I want to prompt a conversation about Chapter 5, “Government’s Role in Promoting Civic Virtues,” in which James and Linda examine the “formulative project” of fostering “capacities for democratic and personal self-government.” They use  as an opening foil an op-ed I wrote in the New York Times in 2011 arguing that Constitution Day is a bad idea and “probably” unconstitutional. In that essay and in a couple of others, I have revealed Constitution Day to be a bete noire of mine. Constitution Day, as you probably know if you’re an academic, is a federal mandate dating from 2005 that any school receiving federal funds — public or private, kindergarten or law school — conduct some kind of educational program on the constitution on or about September 17 of each year. My basic argument is that it operates as a federal content-based mandate on those schools and thus amounts to coerced speech under the First Amendment. More broadly, I argue that coerced patriotism is a Bad Thing, using as my text Justice Jackson’s admonition in West Virginia v Barnette: “To believe that patriotism will not flourish if patriotic ceremonies are voluntary and spontaneous, instead of a compulsory routine, is to make an unflattering estimate of the appeal of our institutions to free minds.”

James and Linda think I am mistaken, saying that there is little chance the Court would strike down Constitution Day as an unconstitutional condition, and that it does not amount to mandatory patriotism because schools can meet their obligations by hosting educational programs that are critical of the document and its heritage.  And I also take them to say that gentle prodding in favor of civic education, especially about a topic as central to democratic life as the Constitution, is not a Bad Thing but could be a Good Thing.

So here are a couple of points and questions about this disagreement, with the hope of prompting some of the other commentators to weigh in.

I certainly agree with the descriptive point about the Court not likely striking down Constitution Day as an unconstitutional condition.  The “doctrine” of unconstitutional conditions is a hash — compare Rumsfeld v FAIR or Rust v Sullivan (allowing conditions) with Speiser v Randall or Legal Services Corp. v Velazquez (disallowing them).  And Chief Justice Roberts’s bizarre opinion on the Medicaid expansion in Sebelius last year makes it worse, though it actually strengthens my argument about Constitution Day.   (If the threat of the loss of Medicaid funding is coercive because it is “economic dragooning that leaves the States with no real option,” then so is the loss of education funding.)  In any event, the Court is unlikely to feel so constrained by the “doctrine” of unconstitutional conditions to strike down a law that most feel imposes trivial obligations in exchange for significant funds.  (Though — just to allow me to vent for a moment — that characterization makes the fact that the condition acts as coercion fairly clear.)

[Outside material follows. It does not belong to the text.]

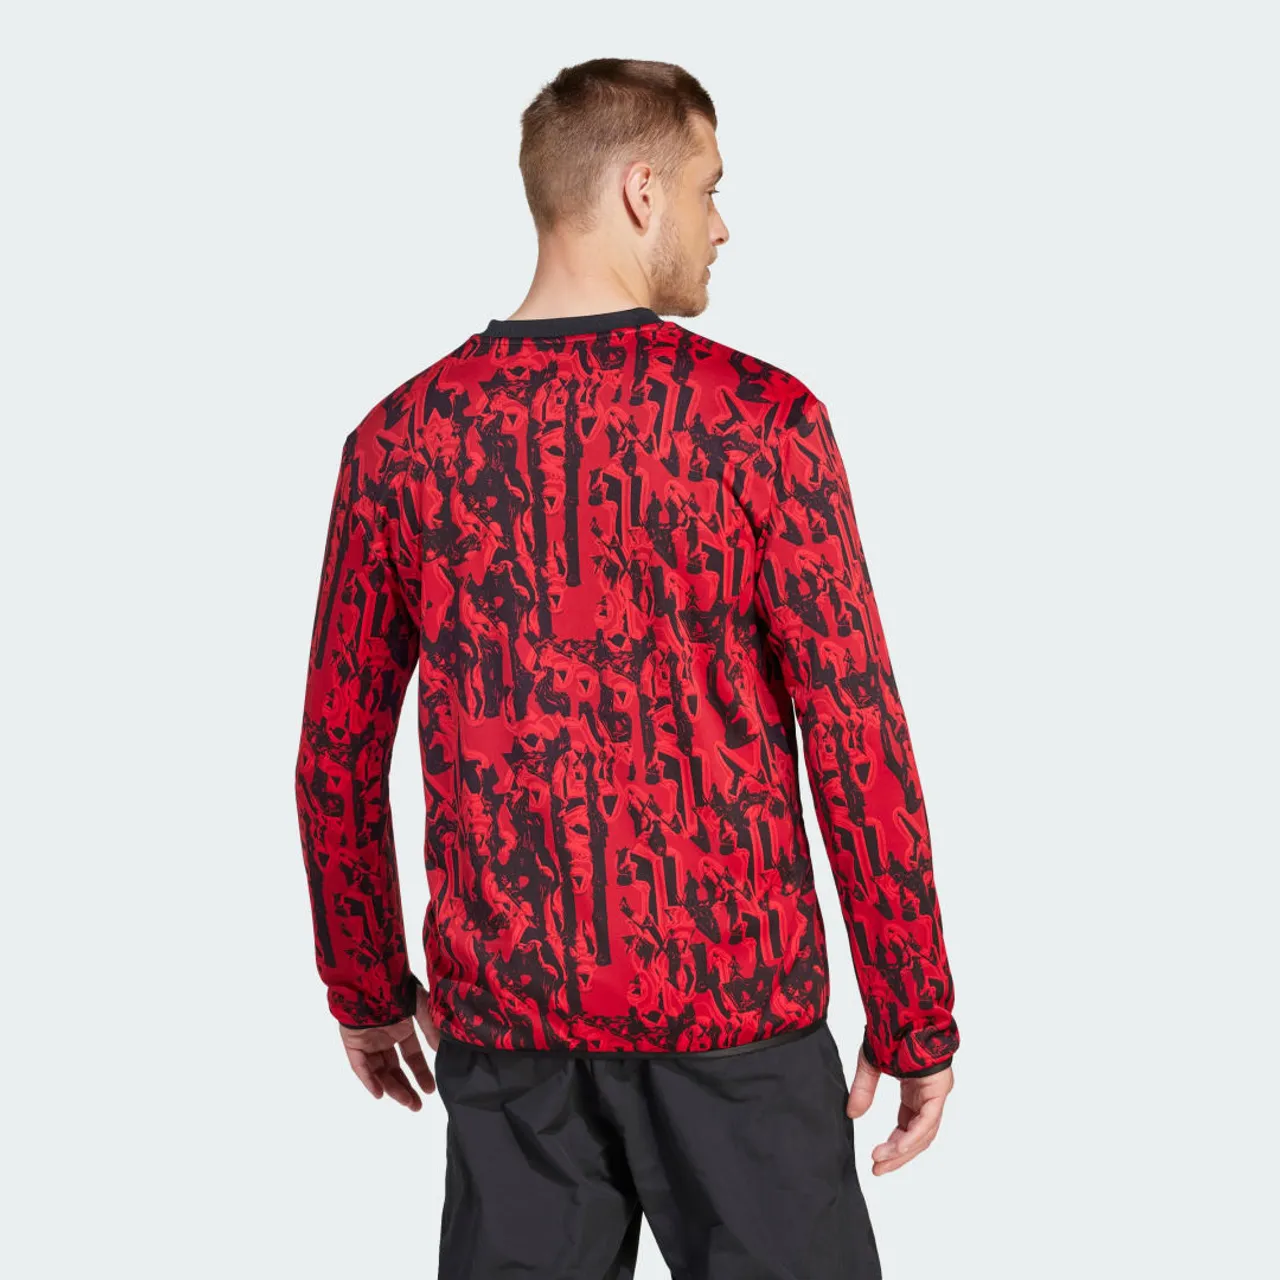 Manchester United Pre-Match Warm Top

So I will assume for the sake of conversation that the question of governmental authority is settled.  So that leaves the question of rights.  And Ordered Liberty helps us get a handle on that question, not only with regard to Constitution Day but with broader questions of the state’s role in fostering “civil tolerance.”

But my question: Does our judgment of what constitutes a valid exercise of the federal government’s power to encourage civic virtue depend on the content of what is being encouraged?  And how does that play into the rights dialogue?  Here’s a law professor’s hypothetical.  If Congress passed a law saying “no school receiving federal funds is permitted to offer a course about Islam,” wouldn’t it be clearly unconstitutional?  Or, “any school receiving federal funds is required to begin the school day with a Pledge of Allegiance, in assembly, led by the Principal or her designee”?  Are these worse because there is a greater viewpoint bias imbedded in them?  Does it matter that, in operation, the vast majority of institutions that mark Constitution Day in fact do so with celebratory rather than critical curricula?